A new draft amendment to the EU Regulation No 910/2014 Establishes a framework for a European Digital Identity.
Link to the regulations:
The new draft regulation gives all EU citizens the ‘inalienable right’ to a digital identity with the main points of their sole control and ability to exercise their rights as citizens in the digital environment and participate in the digital economy.
This right is achieved by using new technologies, including:
- cryptographically verifiable identifiers,
- unique user-generated digital pseudonyms,
- self-sovereign identities and domain-specific identifiers,
Meaning, for the first time, Self-Sovereign Identity may be formally written into law.
Self-Sovereign Identity (SSI) is an approach to digital identity that gives individuals control of their digital identities.

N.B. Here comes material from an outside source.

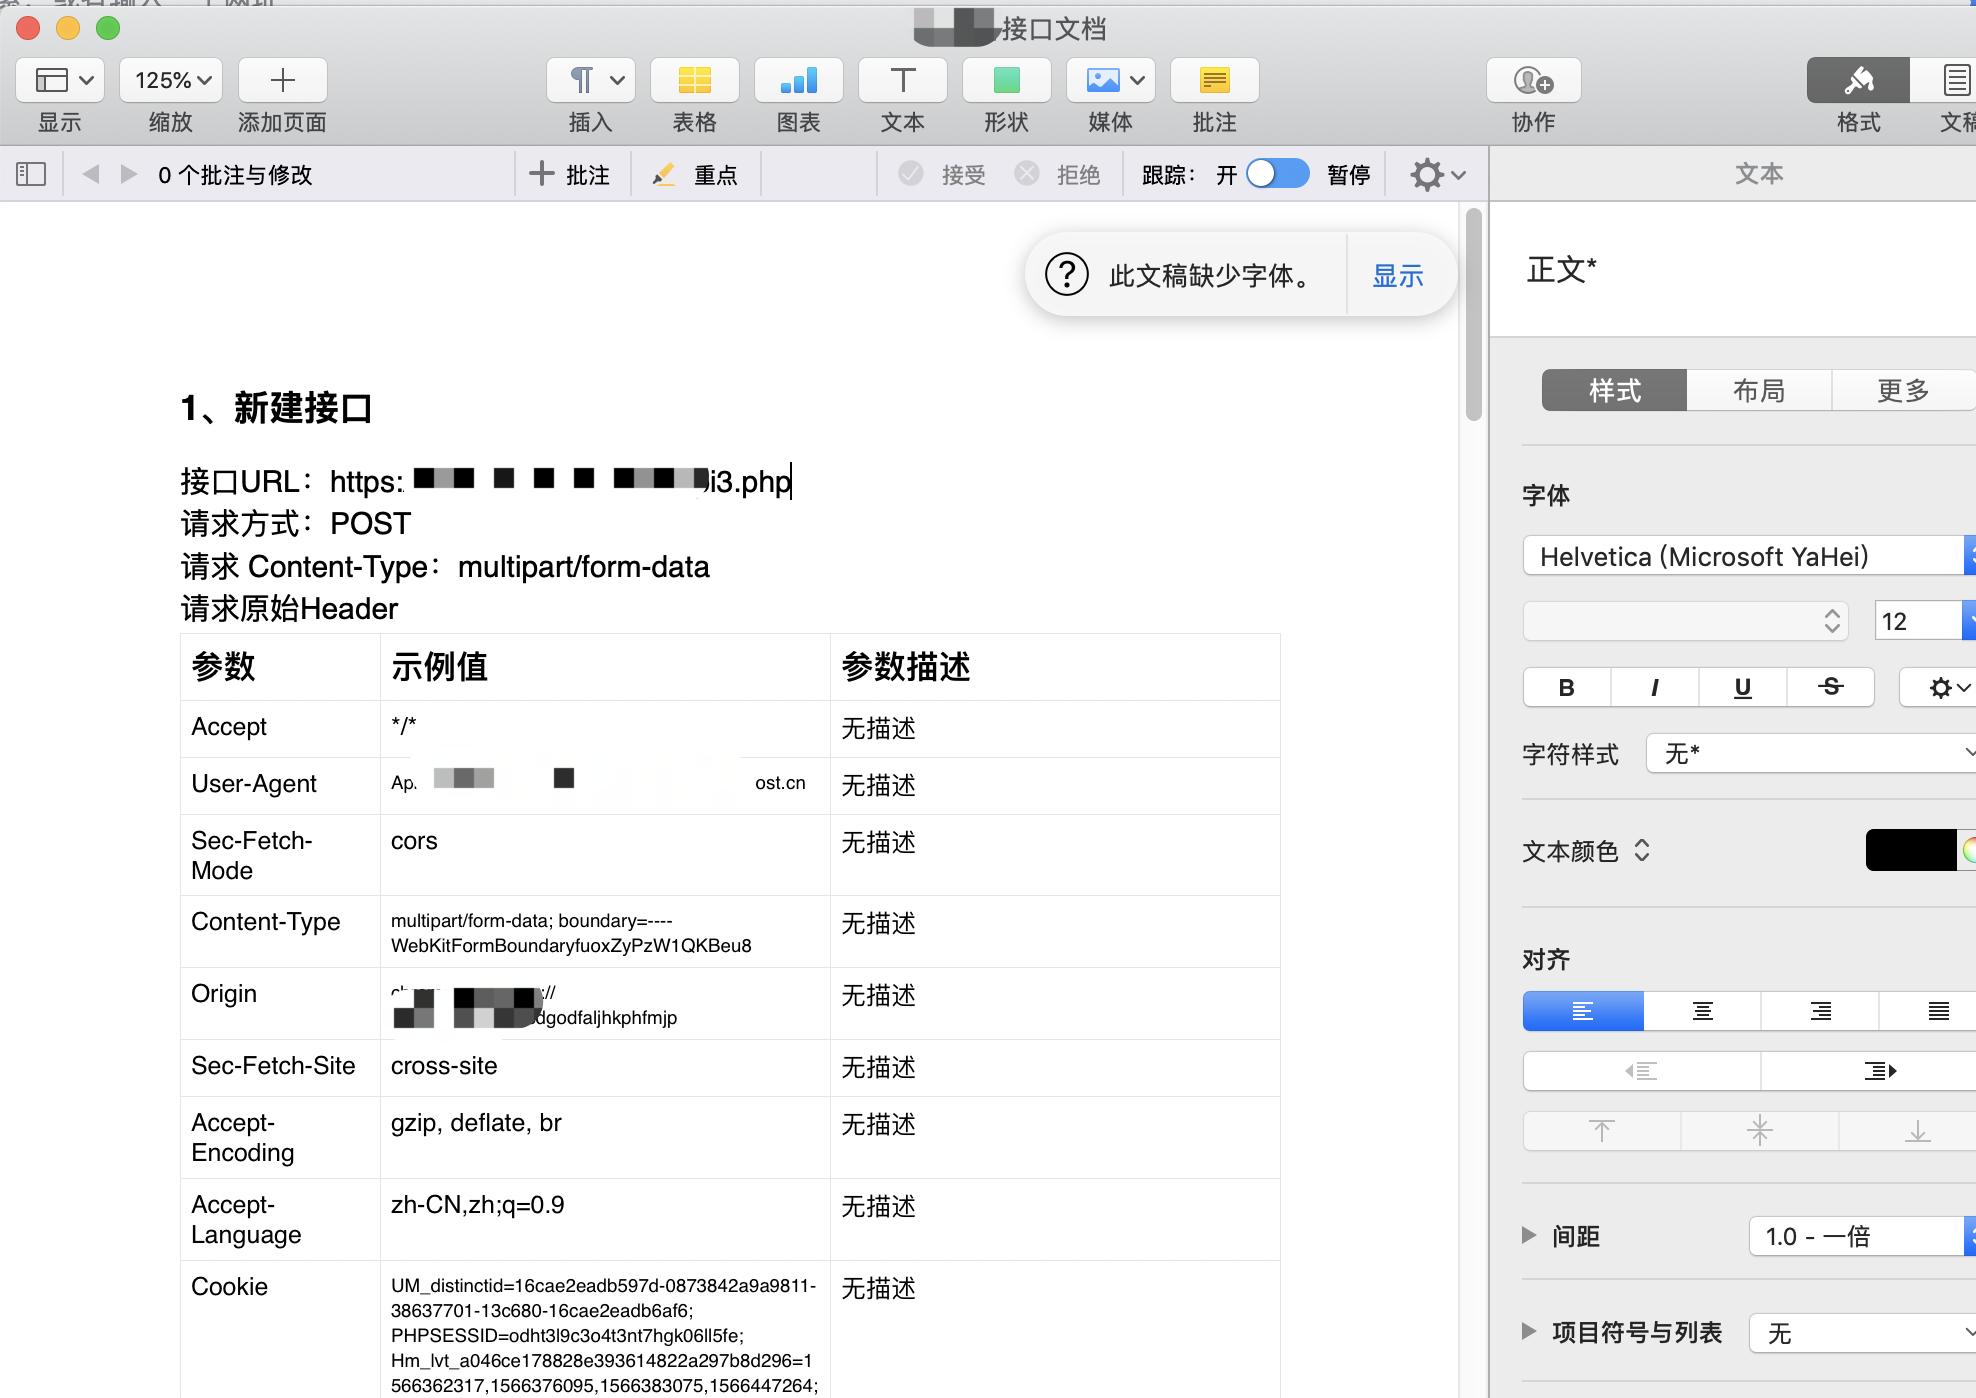 生成PDF的确实改进了,但是希望把框子改成单线,看的比较舒服!看来,骂还是有用的,不然一直这样不改进
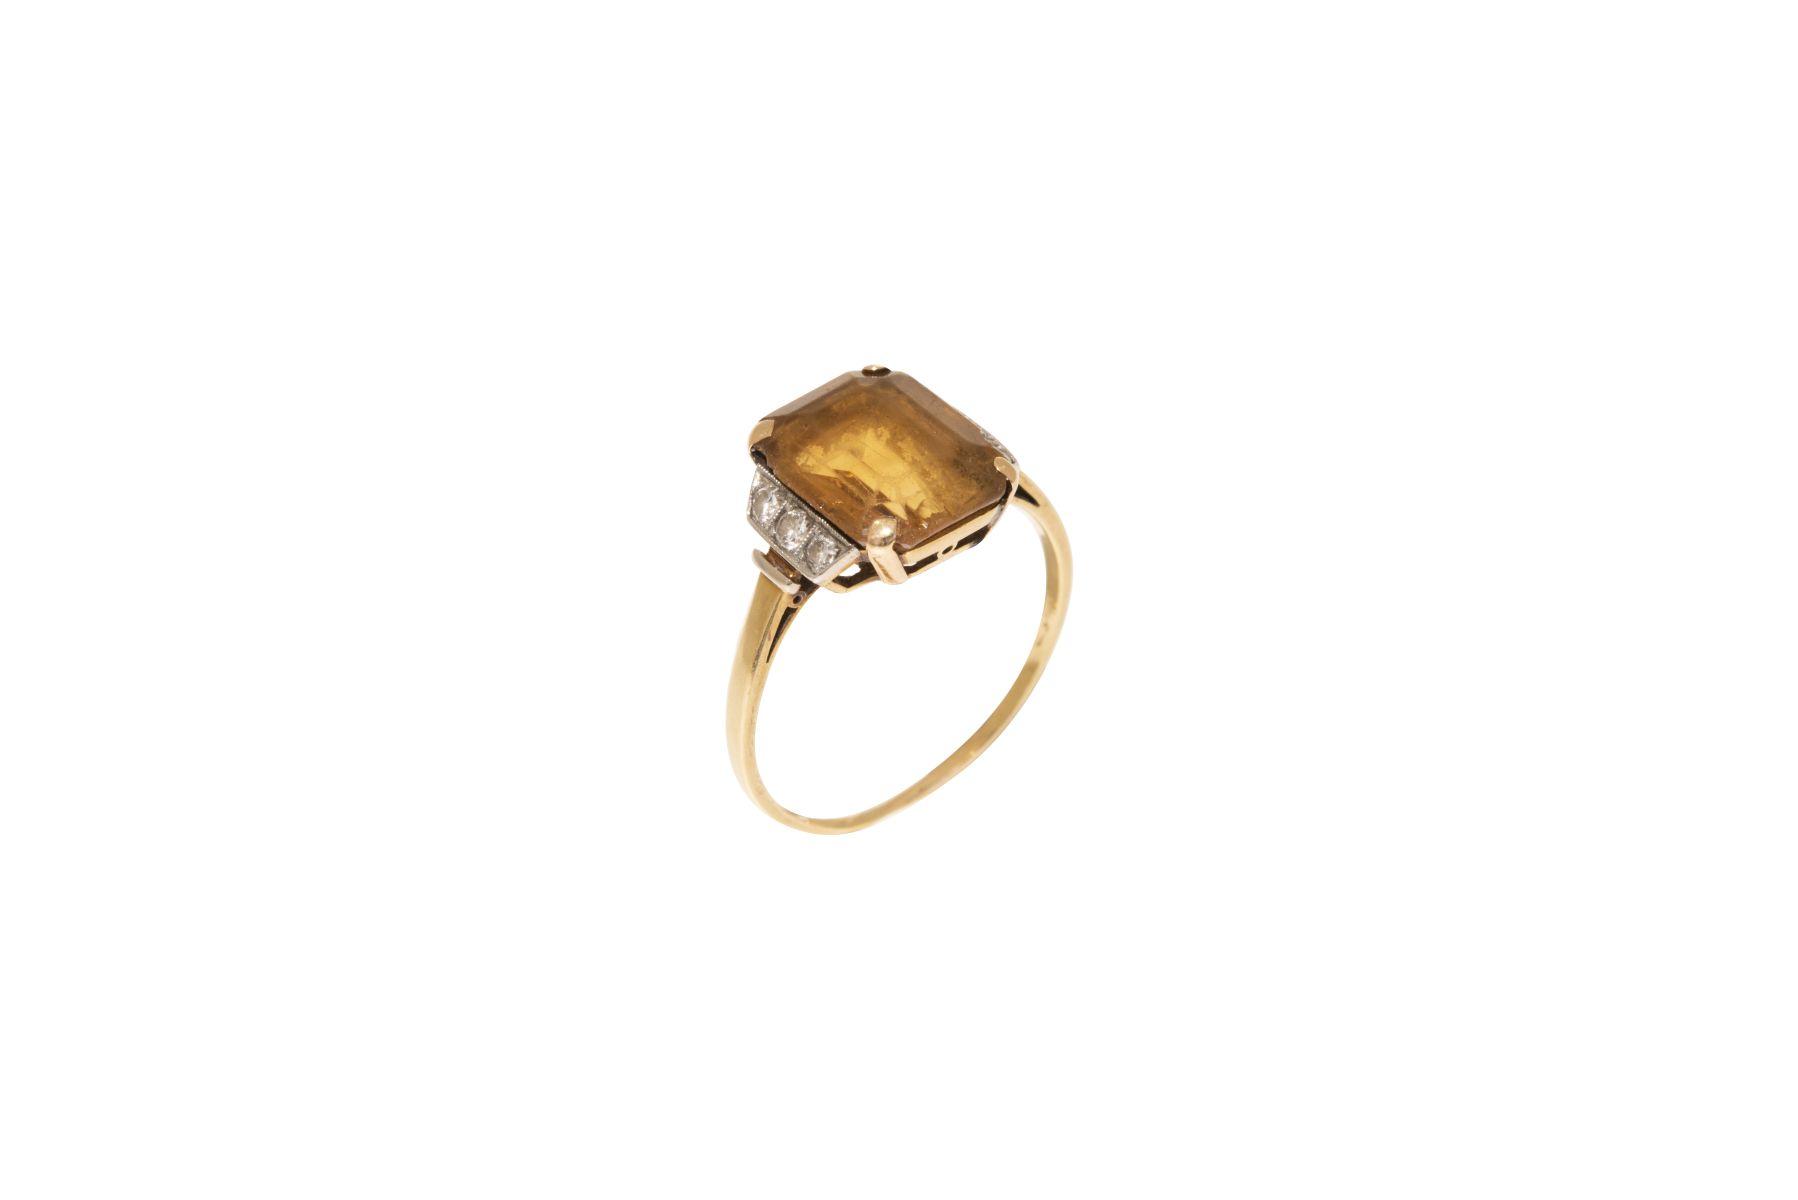 #197 Ring | Ring Image

SSI addresses the difficulty of establishing trust in an interaction. To be trusted, one party in an interaction will present credentials to the other parties, and those relying parties can verify that the credentials came from an issuer they trust. This way, the verifier’s trust in the issuer is transferred to the credential holder.
To support such technical standards, a ‘European Digital Identity Wallet’ will ‘allow the user to store and manage identity data credentials and attributes linked to her/his identity, to provide them to relying parties on request’.
Interestingly, Member States are obliged to provide at least one wallet that serves this purpose.
The EU Commission shall keep a public register of all issuers of European Digital Identity Wallets, including their main specifications.
Another important part is that Regulations support the ‘Once only’ principle – citizens of the EU should not have to provide the exact data for KYC / KYB processes more than once.
For issuers, verifiers, and identity wallets, it must also be technologically impossible to receive any information on the use of the Wallet or identity attributes, apart from what is explicitly consented to—maintaining privacy by design and supporting GDPR by default.
Relying parties must specify to the user a clear and lawful purpose for each request to access Credentials, which should be necessary and proportionate for the intended use case of the relying party – and follow the principle of data minimization.
The European Digital Identity Board (EDIB) is established to audit compliance with the Regulations. Each Member State must create a Governance framework that will guarantee proper implementation, coordination, and enforcement of the Regulation.
There’s a huge market opportunity here, which is a huge step forward in how personal data should be managed and protected by the law. Crucially, this reinforces everything the #SSI community and keeping personal data with the user.